Yiwuzhenmohe Qaghan () or Yaghmurchin Bagha Qaghan (Personal name: Qibi Geleng, ) was a tribal chief of Qibi tribe who ruled briefly over Turkic tribes of Xueyantuo, Tiele and Huige.

Reign 
At the time of Geleng's rule over the Tiele as Erkin or Elteber which was made of 15 tribes, at the time submitted to Western Tujue's Heshana Khan (r. 603-611). Heshana was said to be collecting excessive taxes from the Tiele, leading to resentment among the Tiele. Heshana thus suspected the Tiele chieftains and, on one occasion, gathered some 100 chieftains and slaughtered them. The Tiele there after rebelled and supported Geleng, the chieftain of the Qibi as khagan.
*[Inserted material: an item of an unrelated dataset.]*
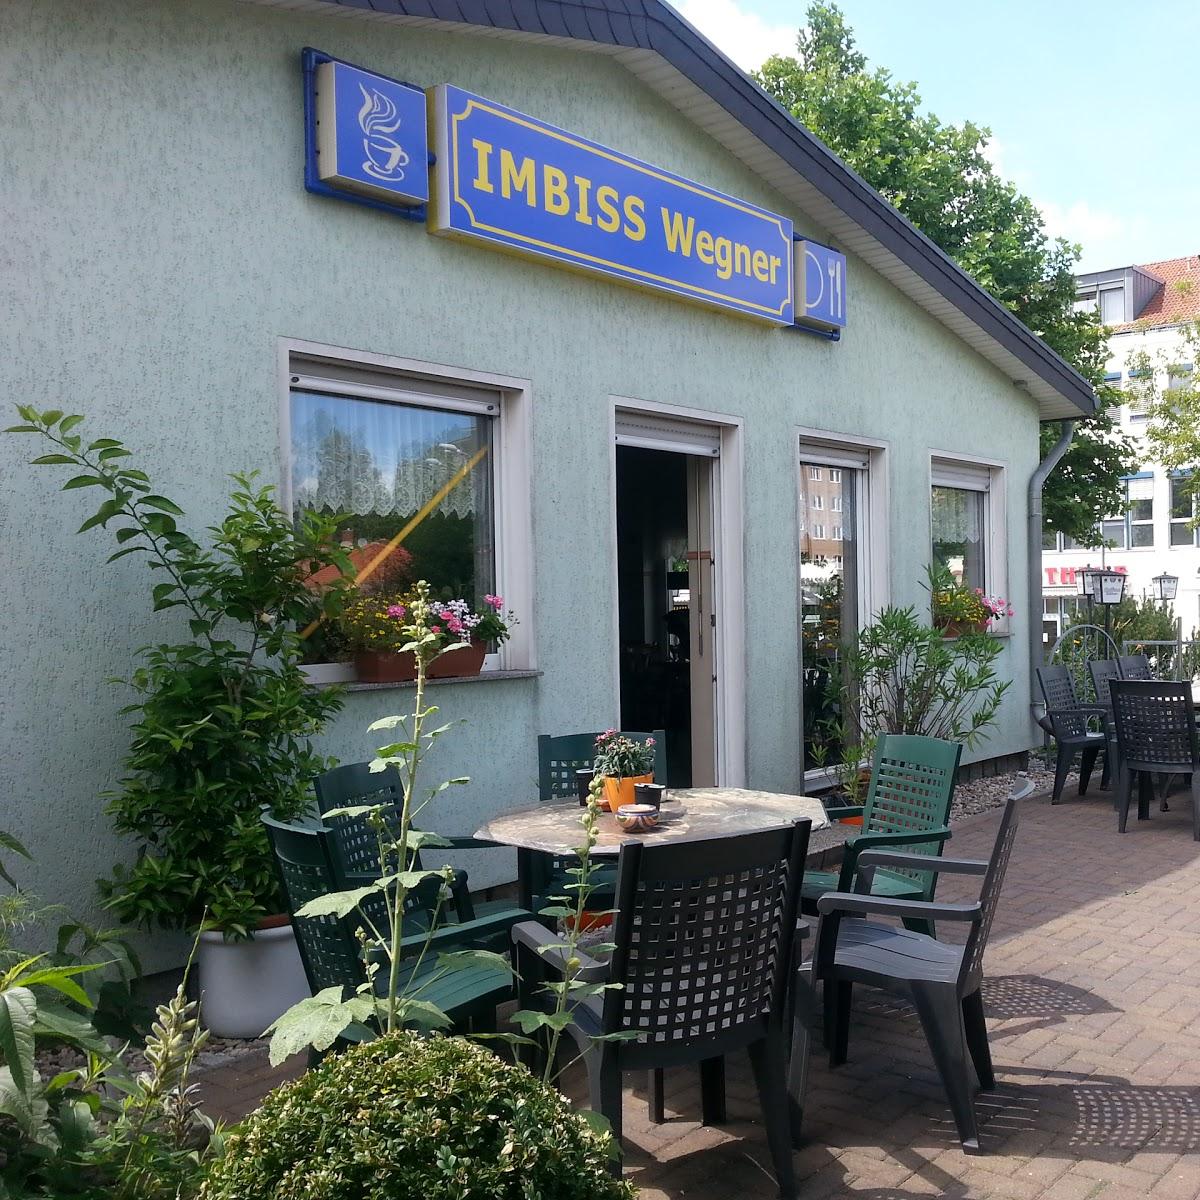 Restaurant "Imbiss Wegner" in Hoppegarten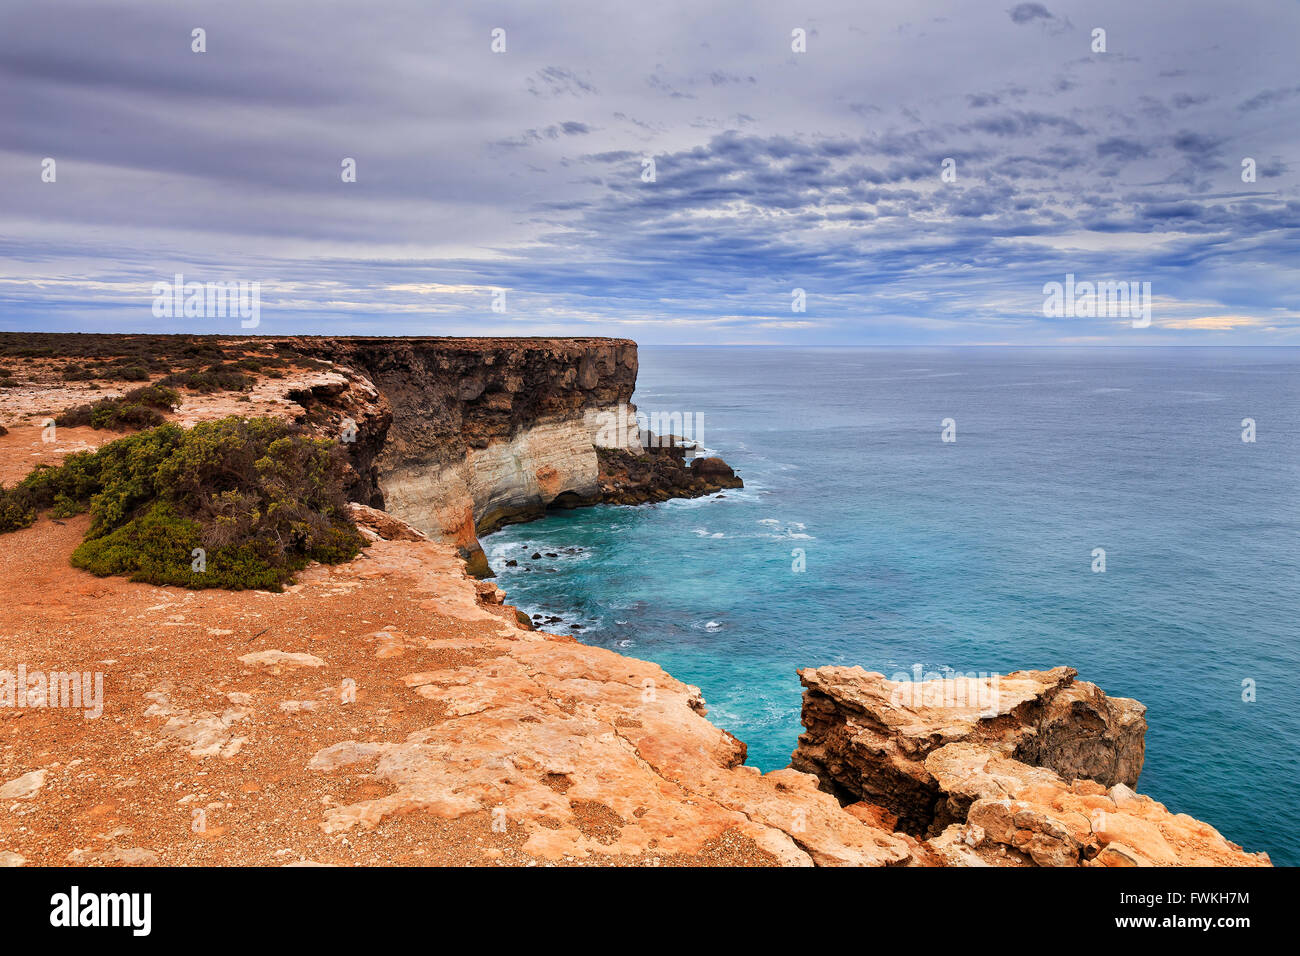 Bend de rochers calcaires géologiques dangereuses Platon Nullarbor vers Grande Baie australienne en Australie du Sud sur l'apparence d'un dire. Banque D'Images

They also supported Yishibo of Xueyantuo as Yiedie Khan, as a subordinate khan under Geleng. He also subjected cities of Gaochang, Yiwu and Yanqi.

End of reign 
Later, after Western Tujue's Shekui Khan (r. 611-619) came to power, it was said that the Tiele again submitted to Western Tujue rule and that both Geleng and Yishibo renounced their khan titles as part of the submission. The Xueyantuo would not have another khan until Yishibo's grandson Yi'nan, then a vassal of the Eastern Tujue, rebelled against Eastern Tujue and was created the Zhenzhu Khan by Emperor Taizong of Tang. Yiwuzhen's nephew Qibi Heli would go on to be a Tang general.